Eligibility Criteria

Inclusion Criteria

•Pathologically (histologically or cytologically) confirmed diagnosis of either inoperable, locally advanced or metastatic gastric/GEJ adenocarcinoma that is HER2/neu negative or inoperable, locally advanced or metastatic ESCC.
•Note: Archival tumor tissue (paraffin blocks or at least 10 unstained tumor specimen slides) must be available for biomarker analysis. In the absence of archival tumor tissues, a fresh biopsy of a tumor lesion at baseline is mandatory. Subjects may be permitted to enroll on a case-by-case basis after discussion with the Sponsor's medical monitors if paraffin block is not available and fewer than 10 unstained slides can be provided.
•Have received no prior systemic therapy for advanced or metastatic disease. Subject may have received prior neoadjuvant or adjuvant therapy provided it was completed at least 6 months prior to enrollment.
•Eastern Cooperative Oncology Group (ECOG) performance status of 0 or 1 (Protocol Appendix 3).
•Life expectancy of at least 12 weeks.
•Adequate organ function as indicated by the following screening laboratory values:
•Absolute neutrophil count (ANC) ≥1.5×109/L Platelet count ≥100×109/L Hemoglobin ≥9 g/dL or ≥5.6 mmol/L (Note: Criteria must be met without a transfusion within 4 weeks before sample is drawn).
•Serum creatinine ≤1.5× upper limit of normal (ULN). Serum total bilirubin ≤1.5×ULN. For subjects with Gilbert's syndrome, total bilirubin must be \<3×ULN) Prothrombin time/international normalized ratio (PT/INR) ≤1.5×ULN and activated partial thromboplastin time (aPTT) ≤1.5×ULN unless subject is receiving anticoagulant therapy and PT values is within the intended therapeutic range of the anticoagulant.
•Aspartate transaminase (AST) and alanine aminotransferase (ALT) ≤2.5×ULN. For subjects with liver metastases, AST and ALT must be ≤5×ULN for subjects with liver metastases

Exclusion Criteria

•History of severe hypersensitivity reactions to other mAbs; has known hypersensitivity to fluorouracil (5-FU), cisplatin, or other platinum agents
•Unable to receive a port or peripherally inserted central catheter (PICC) for ESCC subjects
•Prior malignancy active within the 2 years prior to Cycle 1 Day 1, exceptions include the tumor under investigation in this study, and locally recurring cancers that have undergone curative intent treatment, such as resected basal or squamous cell skin cancer, superficial bladder cancer, or carcinoma in situ of the cervix or breast.
•Received prior therapies targeting PD-1, PD-L1 or PD-L2 for any reason.
•Have known active brain or leptomeningeal metastases. Subjects with brain metastases are permitted if they are asymptomatic or had previously treated brain metastases that are asymptomatic, radiographically stable and did not require steroid medications for at least 4 weeks prior to Cycle 1 Day 1
•Active autoimmune diseases or history of autoimmune diseases that may relapse should be excluded (Protocol Appendix 5).

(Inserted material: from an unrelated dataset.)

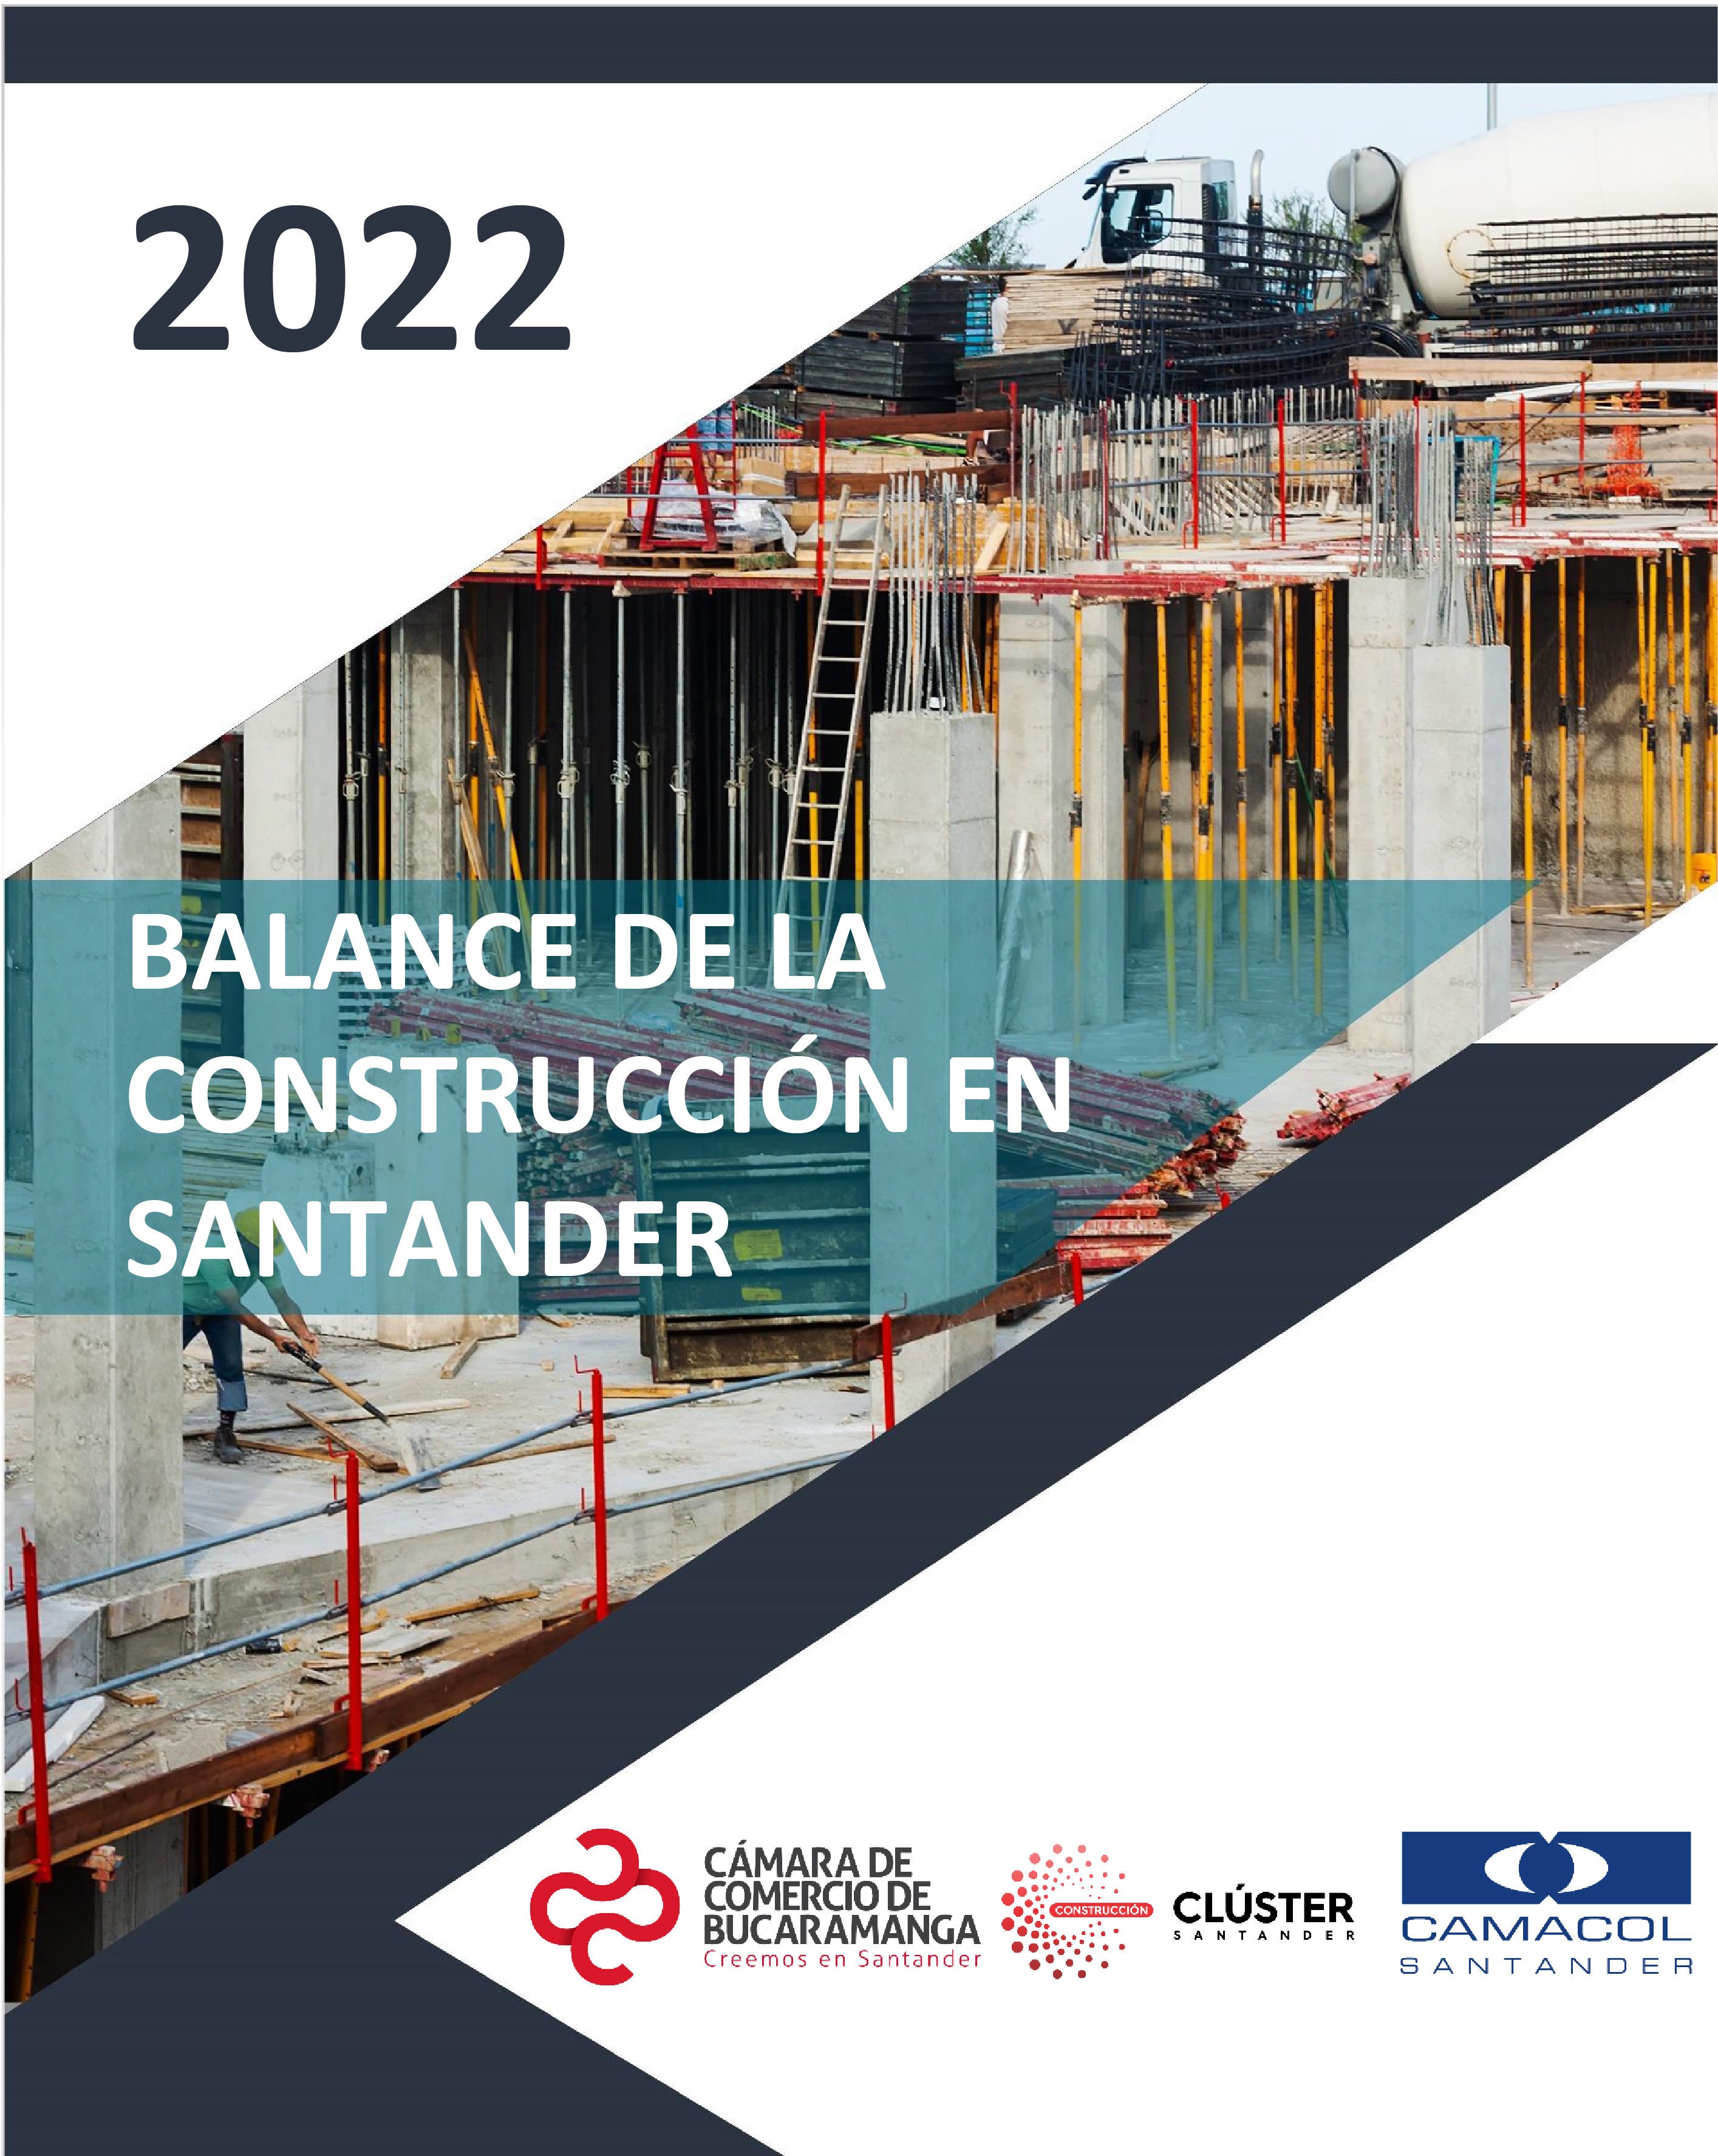 Balance de la Construcción en Santander 2022

Subjects with following diseases are allowed to undergo screening: type I diabetes, hypothyroidism managed with hormone replacement therapy only, skin diseases not requiring systemic treatment (such as vitiligo, psoriasis or alopecia), controlled celiac disease, or diseases not expected to recur in the absence of external triggering factors.
•Requires systemic treatment with either corticosteroids (\>10 mg daily prednisone equivalents) or other immunosuppressive medications within 14 days of study drug administration to treat a current condition.

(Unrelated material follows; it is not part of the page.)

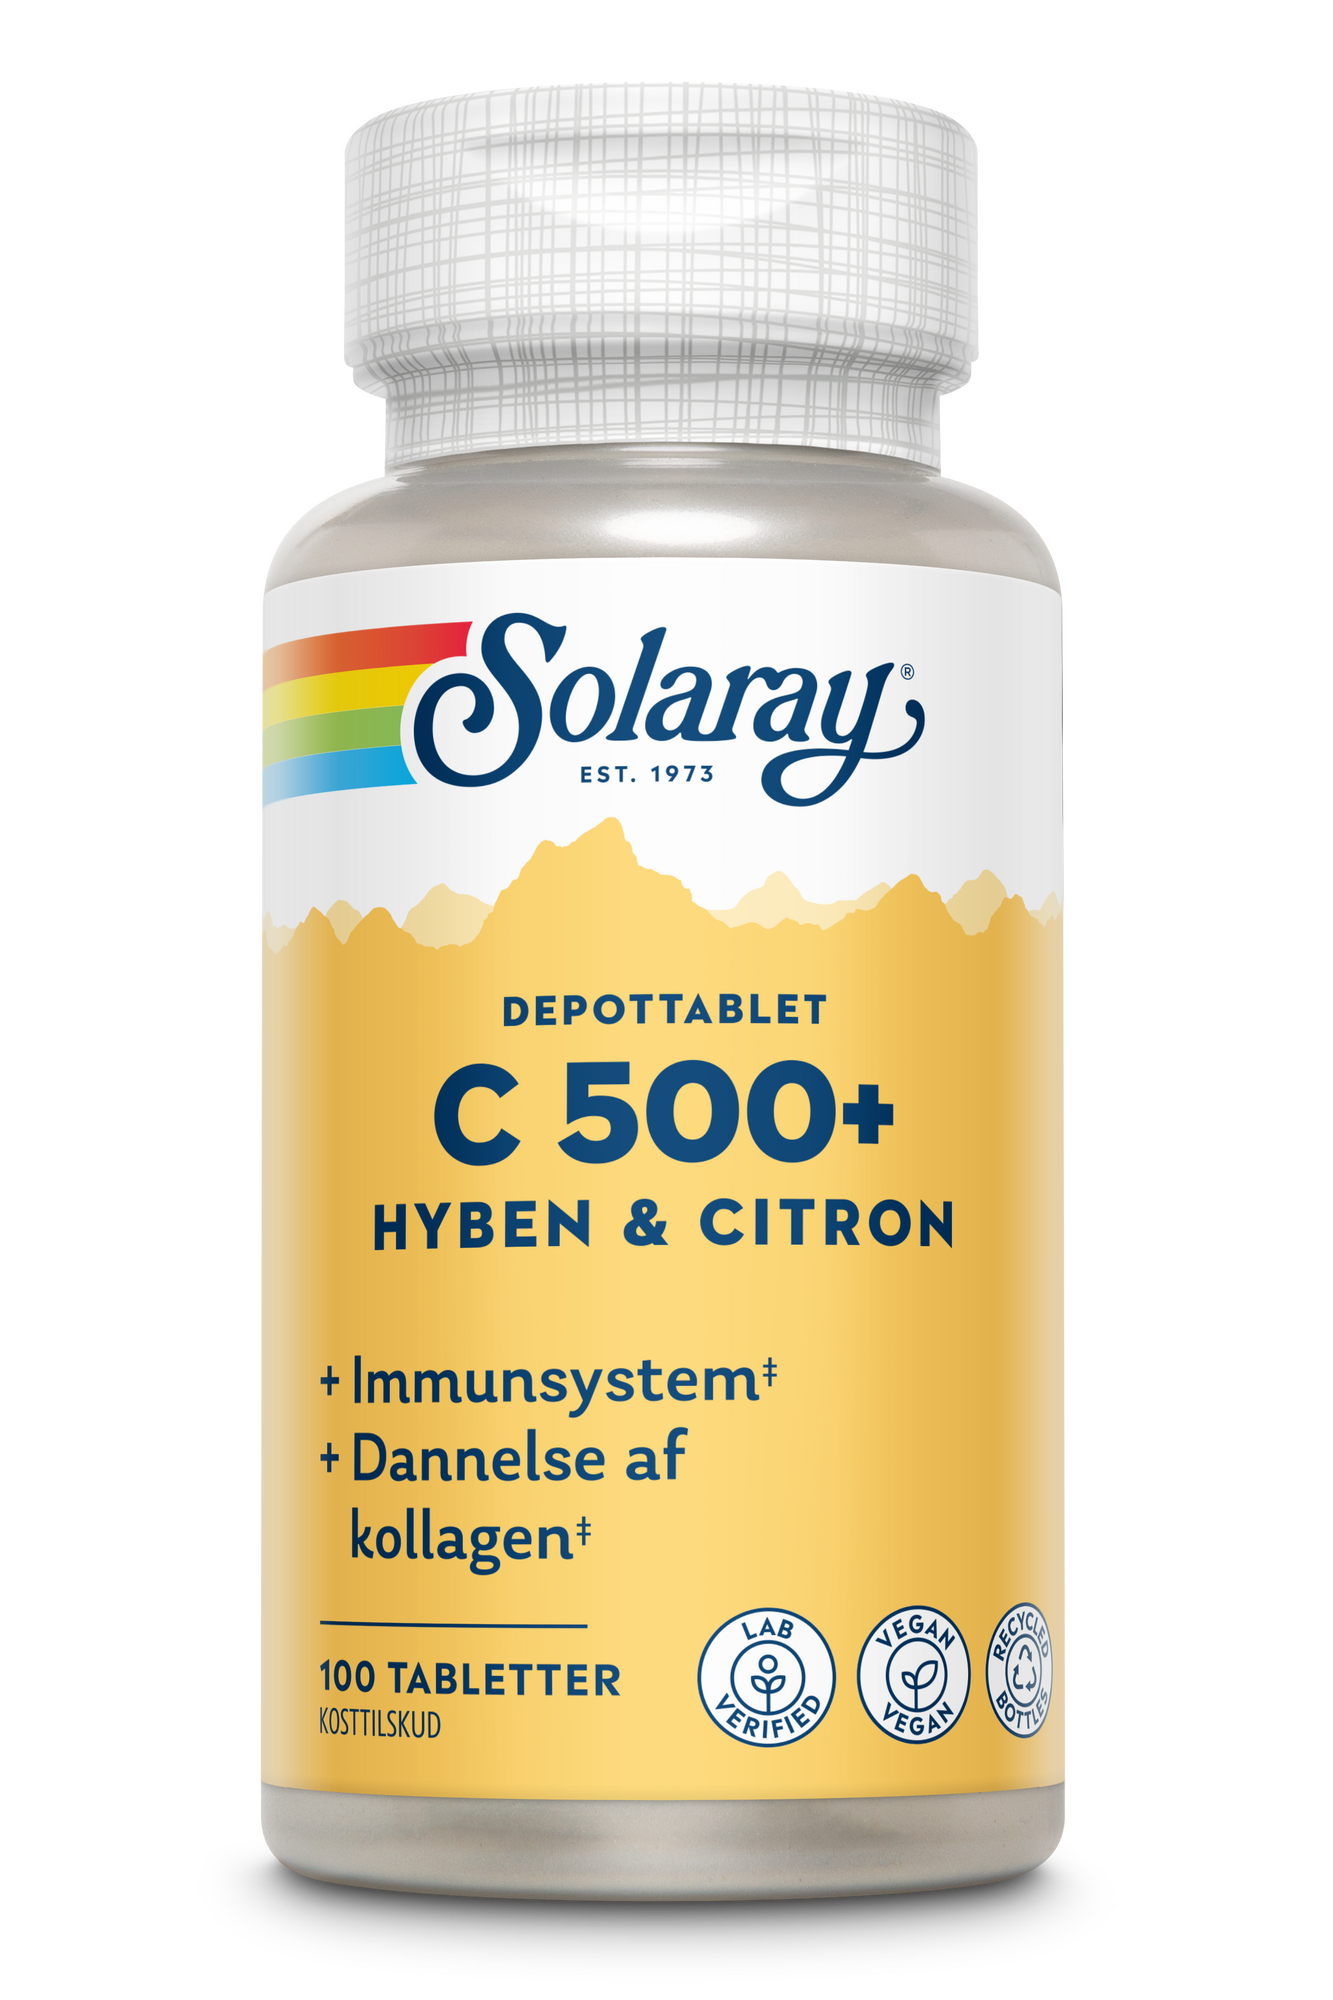 Billede af C-vitamin C500+ hyben, citron Solaray - 100 tabletter hos Duft og Natur

•Note:Adrenal replacement doses ≤10 mg daily prednisone equivalents are permitted in the absence of active autoimmune disease; subjects are permitted to use topical, ocular, intra-articular, intranasal, and inhalational corticosteroids (with minimal systemic absorption). A brief course of corticosteroids for prophylaxis (e.g., contrast dye allergy) or for treatment of non-autoimmune conditions (e.g., delayed-type hypersensitivity reaction caused by contact allergen) is permitted.

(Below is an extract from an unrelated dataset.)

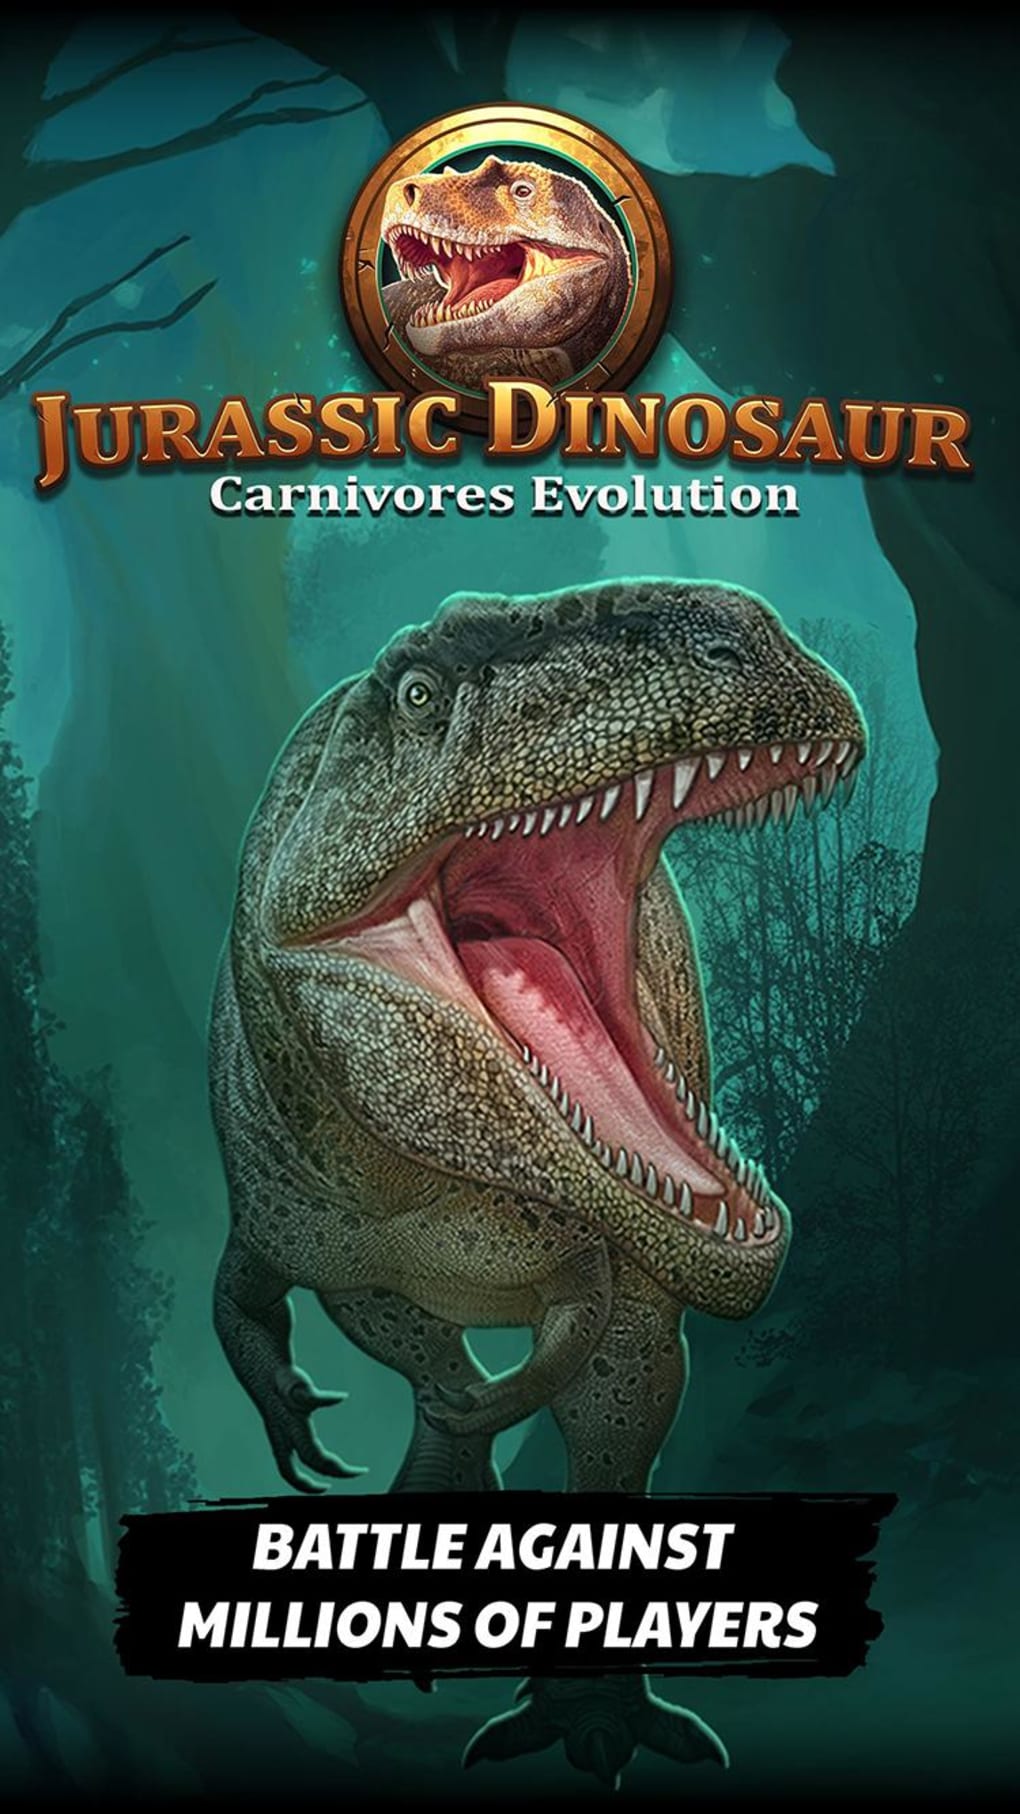 Download do APK de Dinossauro: jogos sem internet para Android

•History of interstitial lung disease, non-infectious pneumonitis except for those induced by radiation therapies; uncontrolled systemic diseases, including diabetes, hypertension, pulmonary fibrosis, acute lung diseases, etc.
•Severe chronic or active infection requiring systemic antibacterial, antifungal or antiviral therapy, including tuberculosis infection, etc.